"I will speak to Mr. Walton," said Miss Clare; and left her.

The next morning she was discharged, at the request of my husband, who brought her home with him.

Sympathy with the mother-passion in her bosom had melted away all my resentment. She was a fine young woman, of about five and twenty, though her weather-browned complexion made her look at first much older. With the help of the servants, I persuaded her to have a bath, during which they removed her clothes, and substituted others. She objected to putting them on; seemed half-frightened at them, as if they might involve some shape of bondage, and begged to have her own again. At last Jemima, who, although so sparingly provided with brains, is not without genius, prevailed upon her, insisting that her little girl would turn away from her if she wasn't well dressed, for she had been used to see ladies about her. With a deep sigh, she yielded; begging, however, to have her old garments restored to her.

She had brought with her a small bundle, tied up in a cotton handkerchief; and from it she now took a scarf of red silk, and twisted it up with her black hair in a fashion I had never seen before. In this head-dress she had almost a brilliant look; while her carriage had a certain dignity hard of association with poverty—not inconsistent, however, with what I have since learned about the gypsies. My husband admired her even more than I did, and made a very good sketch of her. Her eyes were large and dark—unquestionably fine; and if there was not much of the light of thought in them, they had a certain wildness which in a measure made up for the want. She had rather a Spanish than an Eastern look, I thought, with an air of defiance that prevented me from feeling at ease with her; but in the presence of Miss Clare she seemed humbler, and answered her questions more readily than ours. If Ethel was in the room, her eyes would be constantly wandering after her, with a wistful, troubled, eager look. Surely, the mother-passion must have infinite relations and destinies.

As I was unable to leave home, my father persuaded Miss Clare to accompany him and help him to take charge of her. I confess it was a relief to me when she left the house; for though I wanted to be as kind to her as I could, I felt considerable discomfort in her presence.

When Miss Clare returned, the next day but one, I found she had got from her the main points of her history, fully justifying previous conjectures of my father's, founded on what he knew of the character and customs of the gypsies.

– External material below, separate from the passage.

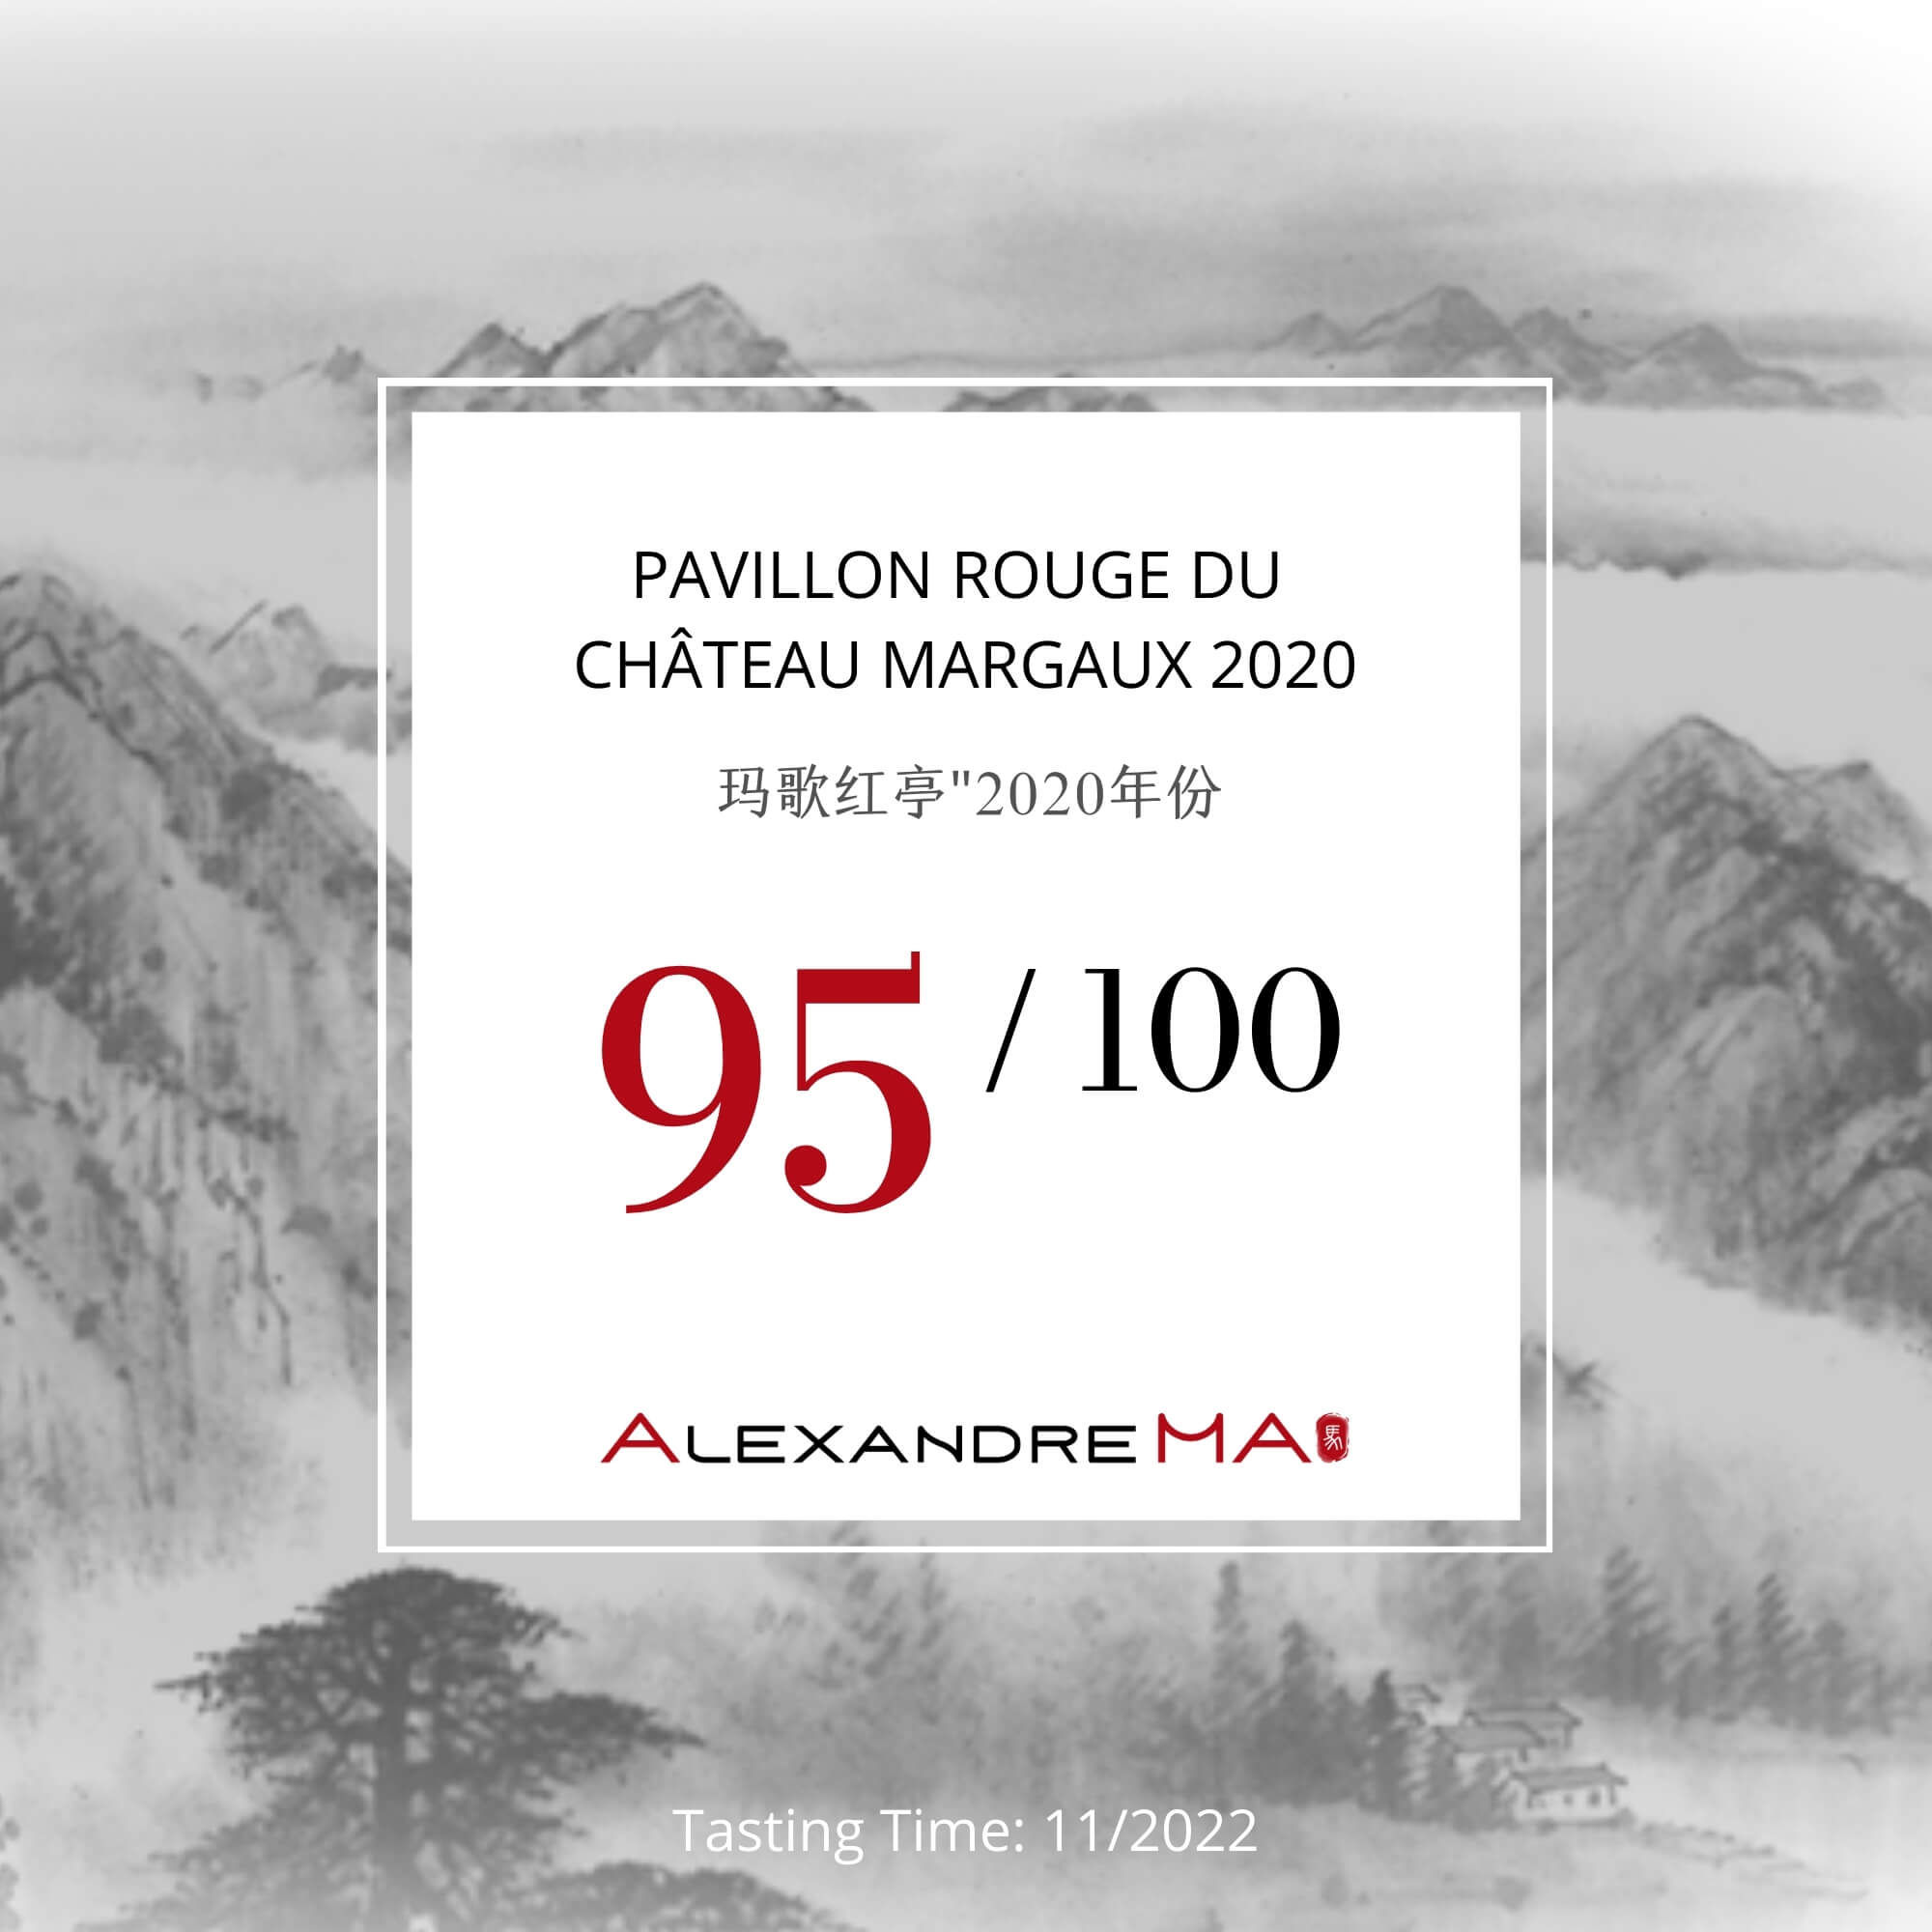 Pavillon Rouge du Château Margaux 2020 - Alexandre MA

She belonged to one of the principal gypsy families in this country. The fact that they had no settled habitation, but lived in tents, like Abraham and Isaac, had nothing to do with poverty. The silver buttons on her father's coat, were, she said, worth nearly twenty pounds; and when a friend of any distinction came to tea with them, they spread a table-cloth of fine linen on the grass, and set out upon it the best of china, and a tea-service of hall-marked silver. She said her friends—as much as any gentleman in the land—scorned stealing; and affirmed that no real gypsy would "risk his neck for his belly," except he were driven by hunger. All her family could read, she said, and carried a big Bible about with them.

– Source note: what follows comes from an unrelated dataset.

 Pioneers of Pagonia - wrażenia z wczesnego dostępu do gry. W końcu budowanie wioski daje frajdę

One summer they were encamped for several months in the neighborhood of Edinburgh, making horn-spoons and baskets, and some of them working in tin. There they were visited by a clergyman, who talked and read the Bible to them, and prayed with them. But all their visitors were not of the same sort with him. One of them was a young fellow of loose character, a clerk in the city, who, attracted by her appearance, prevailed upon her to meet him often. She was not then eighteen. Any aberration from the paths of modesty is exceedingly rare among the gypsies, and regarded with severity; and her father, hearing of this, gave her a terrible punishment with the whip he used in driving his horses. In terror of what would follow when the worst came to be known, she ran away; and, soon forsaken by her so-called lover, wandered about, a common vagrant, until her baby was born—under the stars, on a summer night, in a field of long grass.

For some time she wandered up and down, longing to join some tribe of her own people, but dreading unspeakably the disgrace of her motherhood. At length, having found a home for her child, she associated herself with a gang of gypsies of inferior character, amongst whom she had many hardships to endure. Things, however, bettered a little after one of their number was hanged for stabbing a cousin, and her position improved. It was not, however, any intention of carrying off her child to share her present lot, but the urgings of mere mother-hunger for a sight of her, that drove her to the Hall. When she had succeeded in enticing her out of sight of the house, however, the longing to possess her grew fierce; and braving all consequences, or rather, I presume, unable to weigh them, she did carry her away. Foiled in this attempt, and seeing that her chances of future success in any similar one were diminished by it, she sought some other plan. Learning that one of the family was married, and had removed to London, she succeeded, through gypsy acquaintances who lodged occasionally near Tottenham Court Road, in finding out where we lived, and carried off Ethel with the vague intent, as we had rightly conjectured, of using her as a means for the recovery of her own child.

Theodora was now about seven years of age—almost as wild as ever. Although tolerably obedient, she was not nearly so much so as the other children had been at her age; partly, perhaps, because my father could not bring himself to use that severity to the child of other people with which he had judged it proper to treat his own.